To test if it runs as expected, you can use:

env/bin/python -m amcat4 run
#> /srv/amcat/env/lib/python3.9/site-packages/elasticsearch/connection/base.py:200: ElasticsearchWarning: Elasticsearch #> built-in security features are not enabled. Without authentication, your cluster could be accessible to anyone. See #> https://www.elastic.co/guide/en/elasticsearch/reference/7.17/security-minimal-setup.html to enable security.
#>   warnings.warn(message, category=ElasticsearchWarning)
#> [INFO   :root           ] Starting server at port 5000, debug=True
#> INFO:     Started server process [1001112]
#> [INFO   :uvicorn.error  ] Started server process [1001112]
#> INFO:     Waiting for application startup.
#> [INFO   :uvicorn.error  ] Waiting for application startup.
#> INFO:     Application startup complete.
#> [INFO   :uvicorn.error  ] Application startup complete.
#> INFO:     Uvicorn running on http://0.0.0.0:5000 (Press CTRL+C to quit)
#> [INFO   :uvicorn.error  ] Uvicorn running on http://0.0.0.0:5000 (Press CTRL+C to quit)

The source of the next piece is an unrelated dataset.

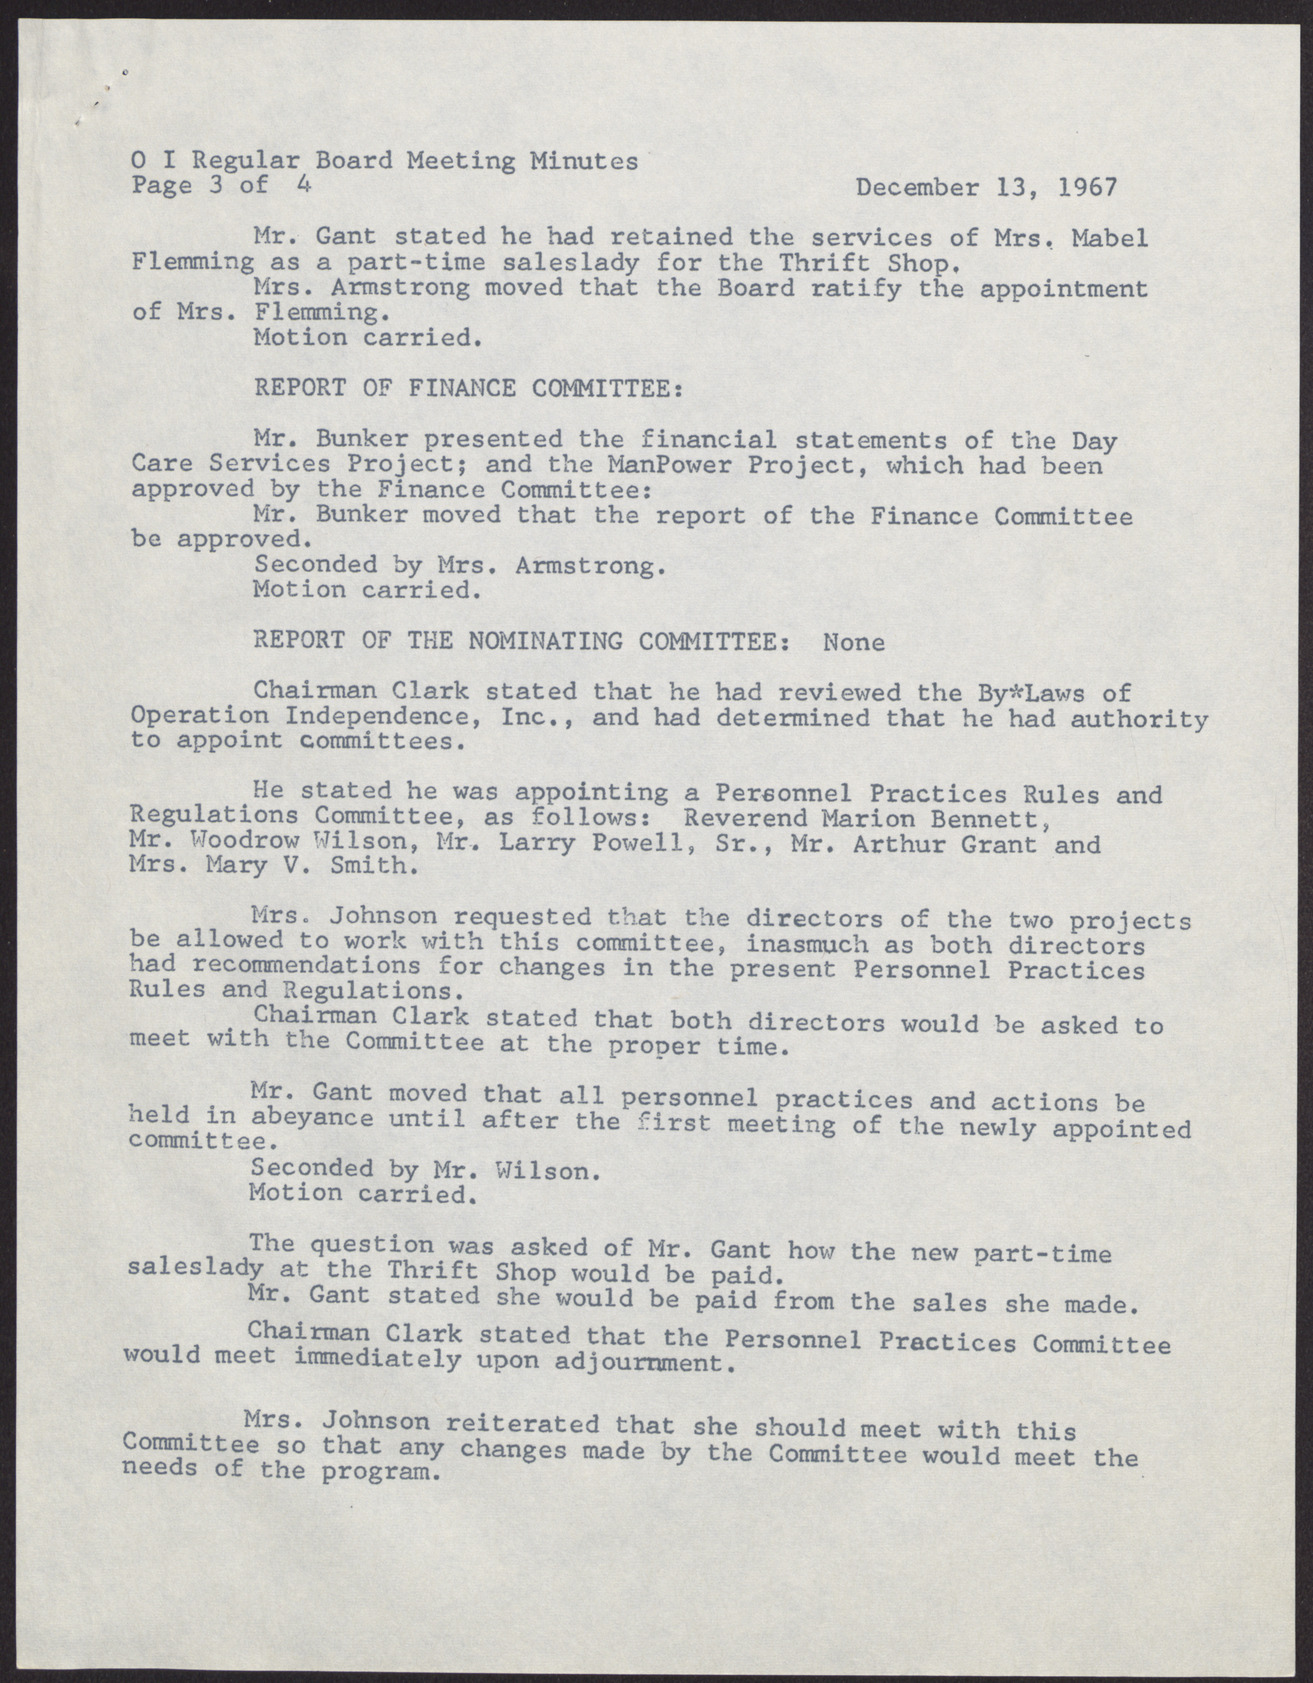 Minutes of Operation Independence Regular Board Meeting (4 pages), December 13, 1967, page 3
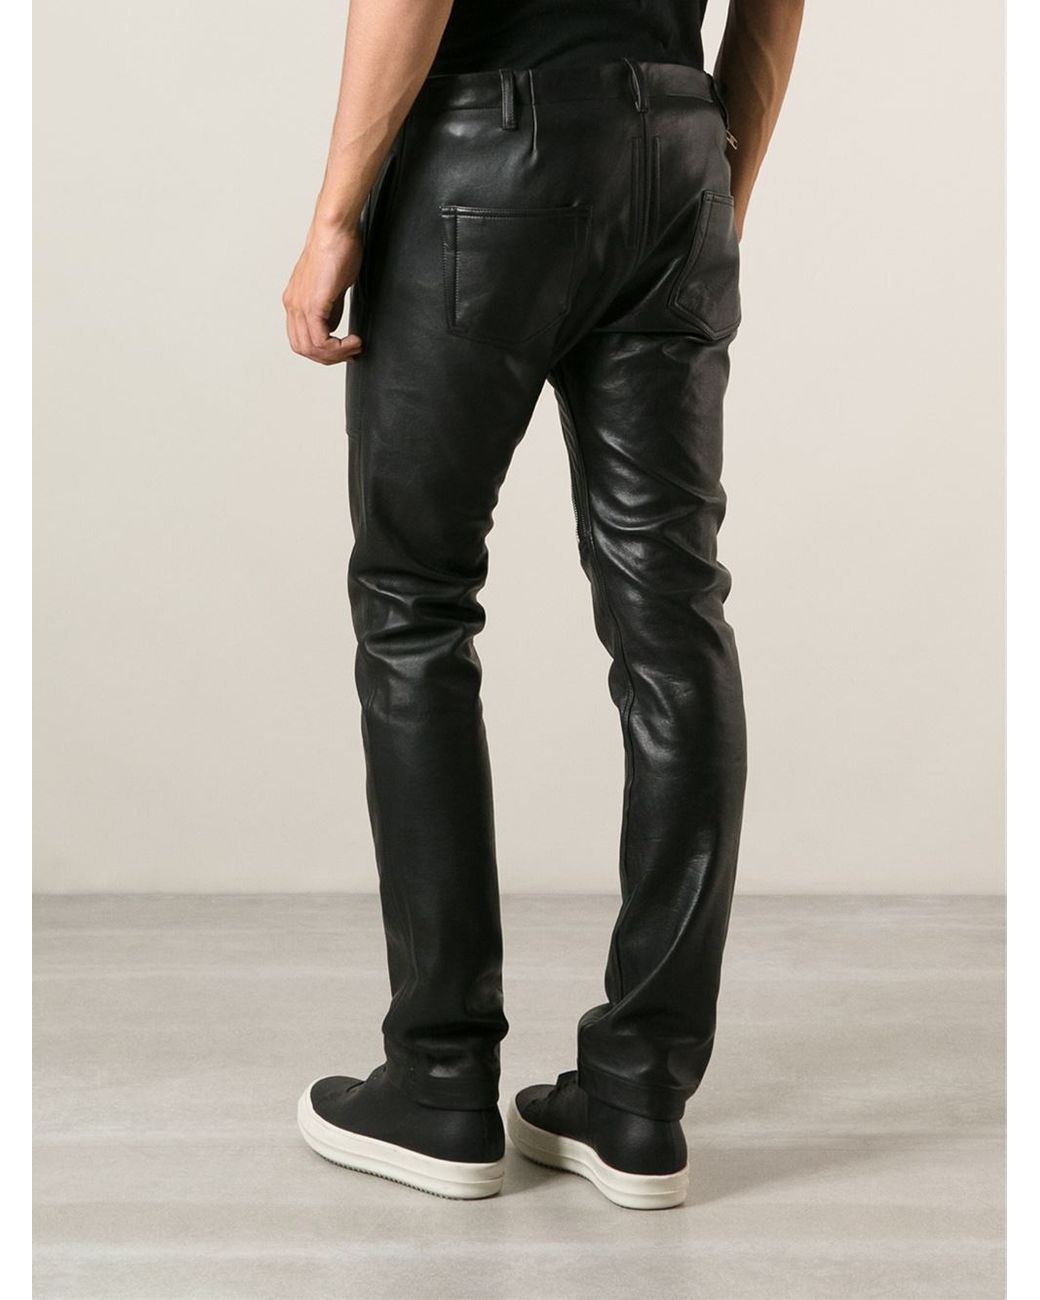 Rick Owens Slim Fit Leather Trousers in Black for Men | Lyst

To check and adapt the settings of AmCAT use:

env/bin/python -m amcat4 config

Since you probably don’t want to run AmCAT in an open ssh tab all the time, you should set it up as a service, for example, with systemd. So head over to /etc/systemd/system and create a new file, for example, amcat.service.

Here is a small example to set things up:

[Unit]
Description=Amcat4 API
After=network.target
Requires=elasticsearch.service

[Service]
Type=simple
User=amcat
Group=amcat
WorkingDirectory=/srv/amcat/amcat4

Environment=AMCAT4_ELASTIC_HOST=http://localhost:9200
Environment=AMCAT4_DB_NAME=/srv/amcat/amcat4.db

ExecStart=/srv/amcat/env/bin/uvicorn \
        --proxy-headers \
        --forwarded-allow-ips='*' \
        --workers=2 \
        --no-access-log \
        --uds /tmp/amcat.socket \
        --root-path /api \
        amcat4.api:app

ExecReload=/bin/kill -HUP ${MAINPID}
RestartSec=1
Restart=always

[Install]
WantedBy=multi-user.target

In the above service, we run the AmCAT server as the user amcat. To create this user and hand over the ownership of the AmCAT server folder to it use:

sudo useradd amcat
sudo chown -R amcat:amcat /srv/amcat

Then you can start the service and enable it to run on startup:

sudo systemctl daemon-reload
sudo systemctl start amcat.service
sudo systemctl enable amcat.service

Now you can check if everything is working with

systemctl status amcat.service
 amcat.service - Amcat4 API
#>      Loaded: loaded (/etc/systemd/system/amcat.service; enabled; vendor preset: enabled)
#>      Active: active (running) since Thu 2022-11-03 10:39:23 CET; 3min 29s ago
#>    Main PID: 197173 (uvicorn)
#>       Tasks: 4 (limit: 33532)
#>      Memory: 86.8M
#>         CPU: 1.770s
#>      CGroup: /system.slice/amcat.service
#>              ├─197173 /srv/amcat/env/bin/python3 /srv/amcat/env/bin/uvicorn --proxy-headers --forwarded-allow-ips=* --workers=2 --no-access-log --uds /tmp/amcat.socket --root-path /api amcat4.api:app
#>              ├─197174 /srv/amcat/env/bin/python3 -c from multiprocessing.resource_tracker import main;main(4)
#>              ├─197175 /srv/amcat/env/bin/python3 -c from multiprocessing.spawn import spawn_main; spawn_main(tracker_fd=5, pipe_handle=7) --multiprocessing-fork
#>              └─197176 /srv/amcat/env/bin/python3 -c from multiprocessing.spawn import spawn_main; spawn_main(tracker_fd=5, pipe_handle=9) --multiprocessing-fork

If something went wrong, you can troubleshoot with sudo journalctl -eu amcat.service.

2.4 Frontend

2.4.1 amcat4client

Note

If you are using AmCAT on our servers or through Docker, you can skip this section and move on to install an API client to start managing AmCAT from either the R or Python.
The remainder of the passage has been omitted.